Hash Tables

Goal

To learn about a commonly used data structure, the hash table. To examine the hash table's performance under many conditions and to see in what cases it should be utilized, and in which it should be avoided.

Part 1 - The Defintion

What is a hash table? Basically you can think of it as a data structure that is organized in a similar manner to a dictionary. Professor Proulx has made an example of searching through a dictionary by opening it up to the middle, deciding whether your word is greater or less than the words on the current page, then splitting that half in half. But this isn't really how it works. On the outside of the dictionary are a set of markings telling which letter the pages in that part of the dictionary start with. When we are looking for a particular word, we can open up the dictionary to the section corresponding to the first letter in the word. By making this choice, we only have to search around 4% of the dictionary to find the word we are looking for in theory.

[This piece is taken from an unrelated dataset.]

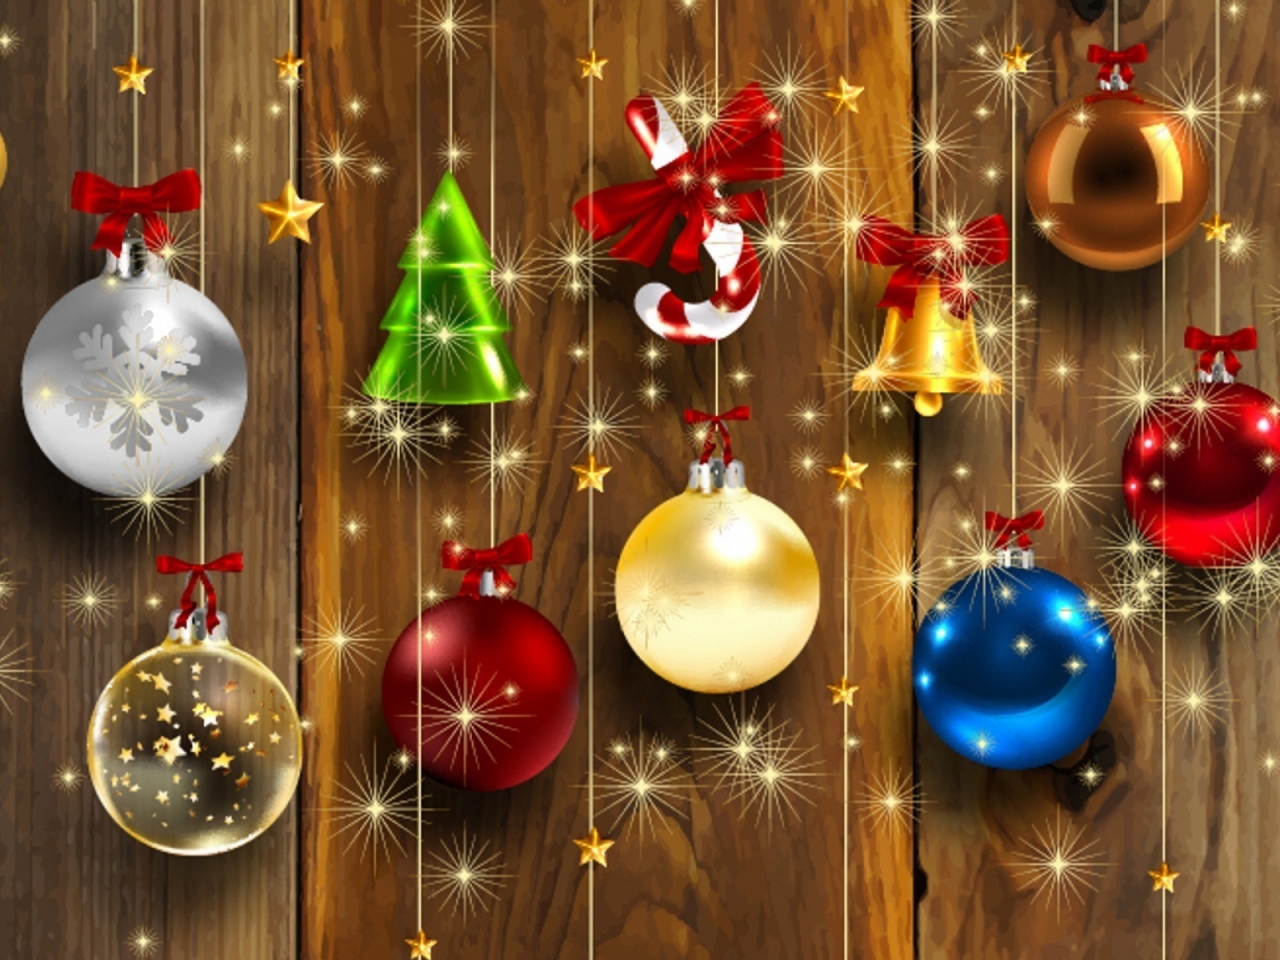 2013 Christmas Ornaments for 1280 x 960 resolution

Pretty sweet huh? Well, maybe, it depends on our hash function. In the example of the dictionary, the hash function was to take the first letter of the word we wanted to look up and categorize by that. This leads to an inbalance between the letters. You can be sure that x has far less entries than s. Well, the same can happen with our hash tables. What if we choose to store information about all of the Christmas celebrations over the past 2003 years (since obviously there couldn't be any celebrations before that, now could there?) and we decide to hash the values by the day of the month on which the celebration fell. All celebrations that fall on the same day are put into the same "bucket." A bucket is just a linear data structure that our hash uses to store values that hash to the same location. Stupid hash, huh? Our grand hash table has now resorted into a nearly linear structure since most Christmas parties will be within a few days of Christmas. The hard part of a hash table isn't really understanding how it works, it's determining an appropriate hash function that will divide up your data well. Fortunately a good amount of work has been done to provide these functions for common datatypes (such as Strings) which allows us to just utilize it and move on.

Part 2 - On to Java

Now we want to implement some thing (.zip or .exe)using Java's HashMap class. We're going to be working on a Ciy class which will include a name, state, and a population. These are the values we will be hashing, and we will also be iterating through a group of Zipcode structures which include City information as well as a population and zip. Notice there may be multiple ZipCode entries for a single City. Implement the framework for reading in the ZipCodes from a file, one by one, and then checking if the City is in the hash table. If it is, increment its population by the correct amount and put it back in the hash table. If it is not, add it into the hash table with the population set at the one given.

Try doing this with a couple different hashing functions. In order to do this, you need to modify the equals and hashCode functions as defined in Java Object. Try a few different types, first just use 0, then try using the hash of just the state name, finally, try adding the hash of the state name and the city name. See how the performance differs in all these cases.